QuantumBasel, VINCI Energies und D-Wave arbeiten an der Forschung und Entwicklung einer Reihe von Quanten-Hybrid-Anwendungen.

von | 24.07.23

Luftaufnahme von uptownBasel.
(Foto: uptownBasel)
Quanten-Pilotprojekt

QuantumBasel, VINCI Energies und D-Wave arbeiten an der Forschung und Entwicklung einer Reihe von Quanten-Hybrid-Anwendungen.

QuantumBasel, der erste kommerzielle Quanten-Hub der Schweiz, der in den Innovationscampus uptownBasel eingebettet ist, launcht ein Quanten-Pilotprojekt mit dem globalen Systemintegrator VINCI Energies, einem Beschleuniger für den ökologischen und digitalen Wandel. Gemeinsam mit D-Wave als Technologiepartner werden QuantumBasel und VINCI Energies an der Forschung und Entwicklung einer Reihe von Quanten-Hybrid-Anwendungen arbeiten.
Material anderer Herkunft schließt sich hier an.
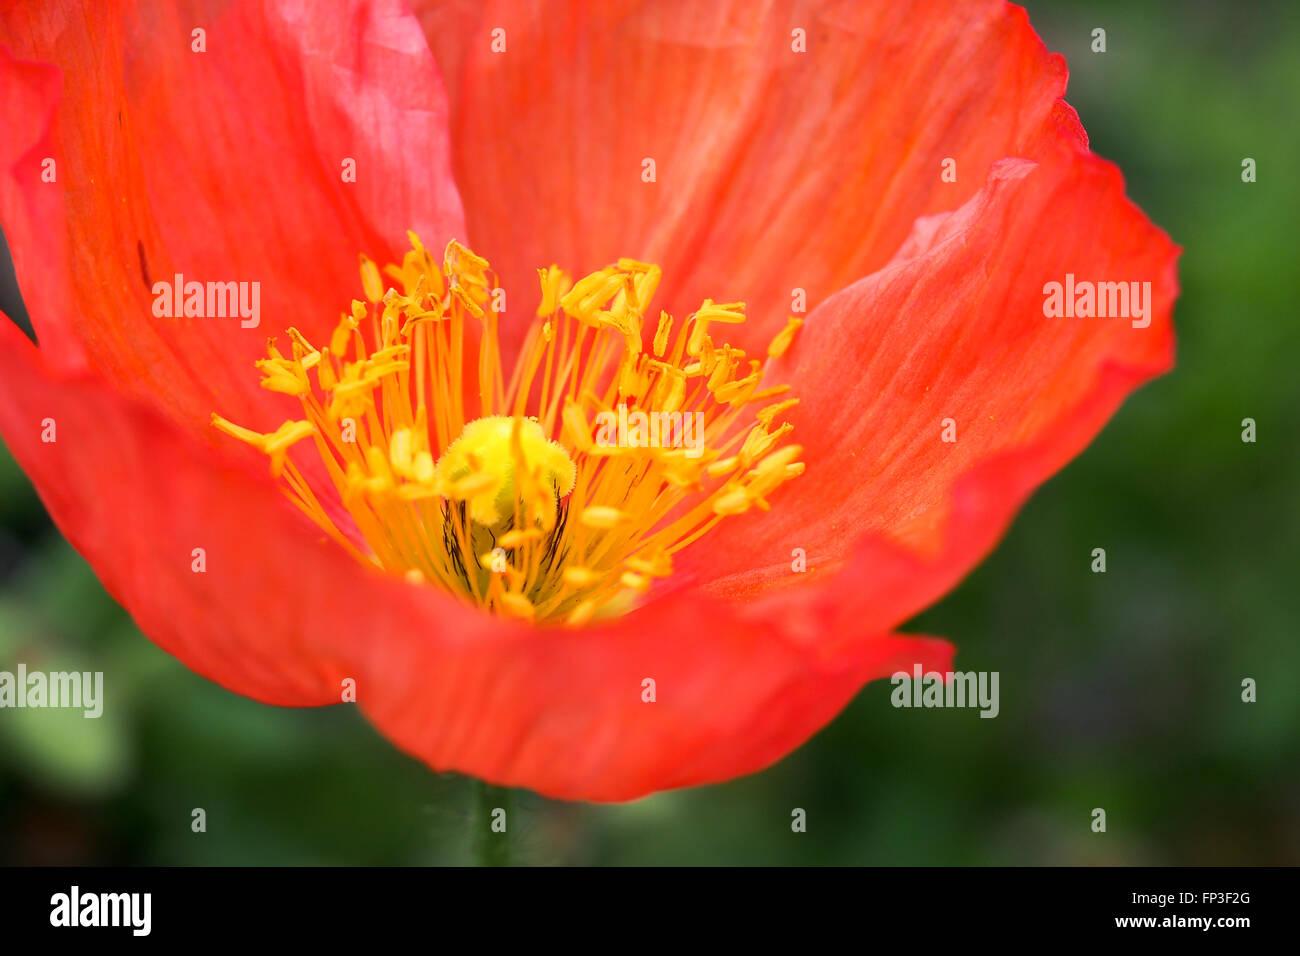 Iceland poppy flower red stock photo 99651960 alamy iceland poppy flower red mightylinksfo

„Bauprojekte weisen eine Vielzahl von Herausforderungen bei Optimierungen auf, die zu Kostenüberschreitungen und Verzögerungen bei der Fertigstellung von Gebäuden führen können, sofern sie nicht adäquat angegangen werden“, sagt Dr. Alan Baratz, CEO von D-Wave. „Wir sind davon überzeugt,dass die heutigen Quanten-Hybrid-Technologien dazu beitragen können, diese rechenintensiven komplexen Probleme zu lösen, um die Effizienz zu steigern und Bauprozesse zu rationalisieren. Wir freuen uns auf die Zusammenarbeit mit VINCI Energies und uptownBasel, um die Quantentechnologie in die Baubranche zubringen.“

Konzeption der HLK-Anlage

Eine der vielen Herausforderungen beim Bau eines Gebäudes ist die Planung des Heizungs-, Lüftungs- und Klimasystems (HLK). Die Konzeption der HLK-Anlage umfasst mehrere Schritte, um den Nutzerkomfort zu maximieren, die Umweltbelastung zu minimieren und die Materialkosten zu senken. Einer der letzten davon ist die so genannte „Netzgenerierung“. Sie stellt sicher, dass alle HLK-Elemente korrekt angeschlossen sind und gleichzeitig die Anforderungen an Sicherheit und Nachhaltigkeit erfüllt werden. Während dieser Schritt von entscheidender Bedeutung ist, ist er mit Rückgriff auf herkömmliche Computer sehr teuer oder kann sogar unerschwinglich sein.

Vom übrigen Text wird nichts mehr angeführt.